Josefa y yo estábamos solos, deambulando por el segundo piso, yendo y viniendo entre la cocina y la habitación n.º 16, acarreando los utensilios necesarios para ejecutar nuestra tarea culinaria. Cabe señalar que caía tanta agua que el frío nos calaba hasta los huesos, y ni siquiera la lumbre de la hornalla lograba calentarnos.

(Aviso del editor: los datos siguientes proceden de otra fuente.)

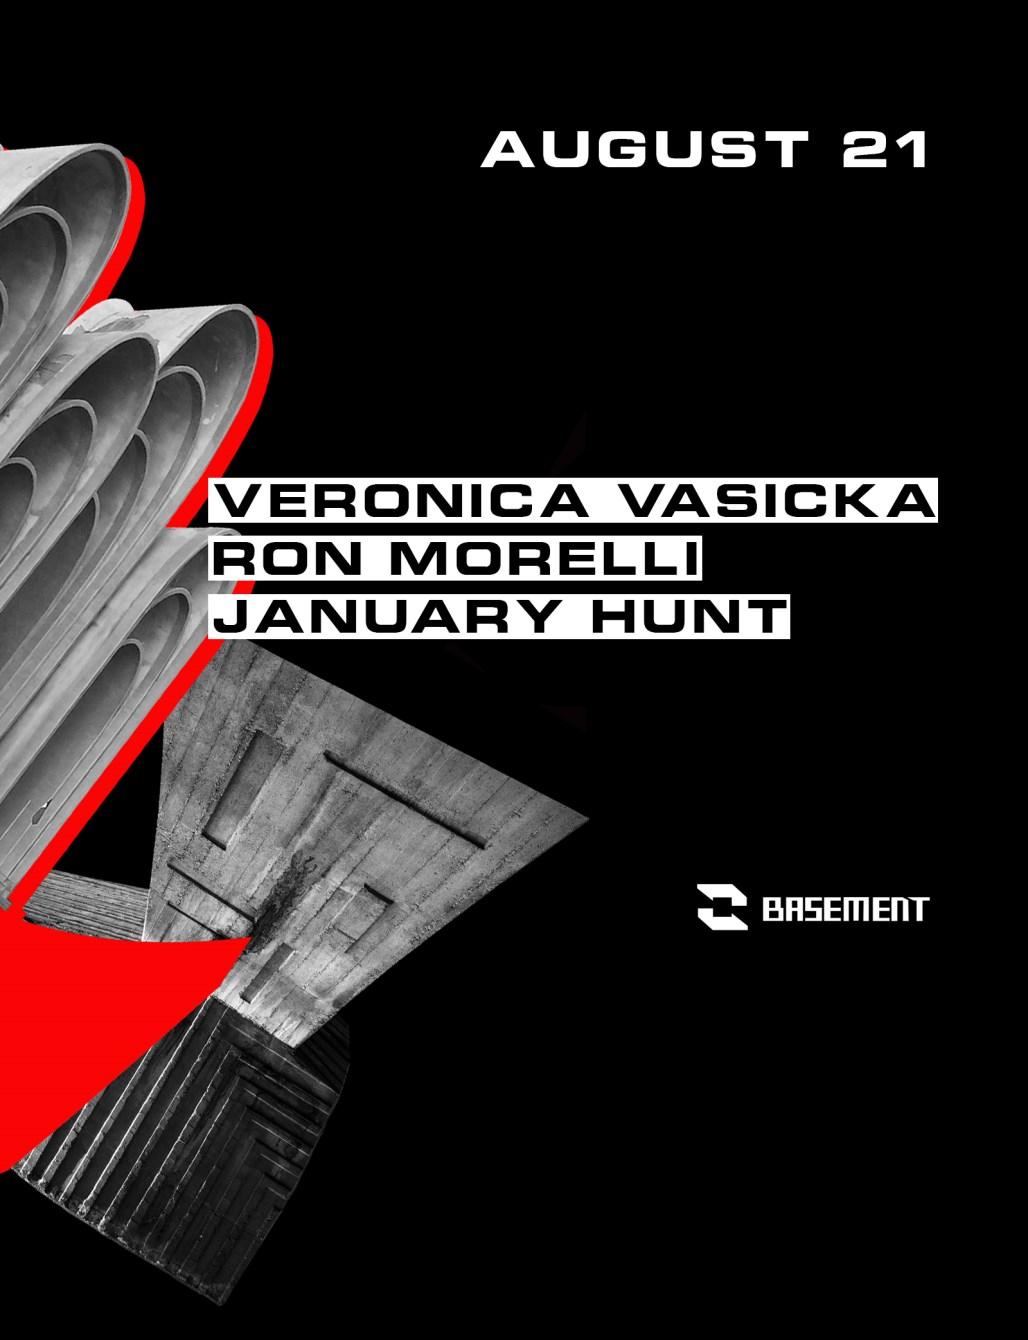 Veronica Vasicka / Ron Morelli / January Hunt - Flyer front

Como siempre, nos decidimos por una pasta y su respectiva salsa de tomates naturales con cebolla, ajo y morrón. Las razones para prepararla eran sencillas: tenía una rápida cocción, y su armado no requeriría de mucha parafernalia. Luego un té según dictaba la costumbre, y después de eso, seguir estudiando en la sala del primer piso. En aquella ocasión, nos equivocamos con las porciones, ya que preparamos suficiente comida para tres personas, y éramos solo dos. Paloma no estaba, no había nadie conocido a nuestro alrededor para compartir; y poner la comida en el único refrigerador de la residencia, sería dárselo a algún pillo que, de seguro, se lo iba a devorar sin siquiera dar las gracias.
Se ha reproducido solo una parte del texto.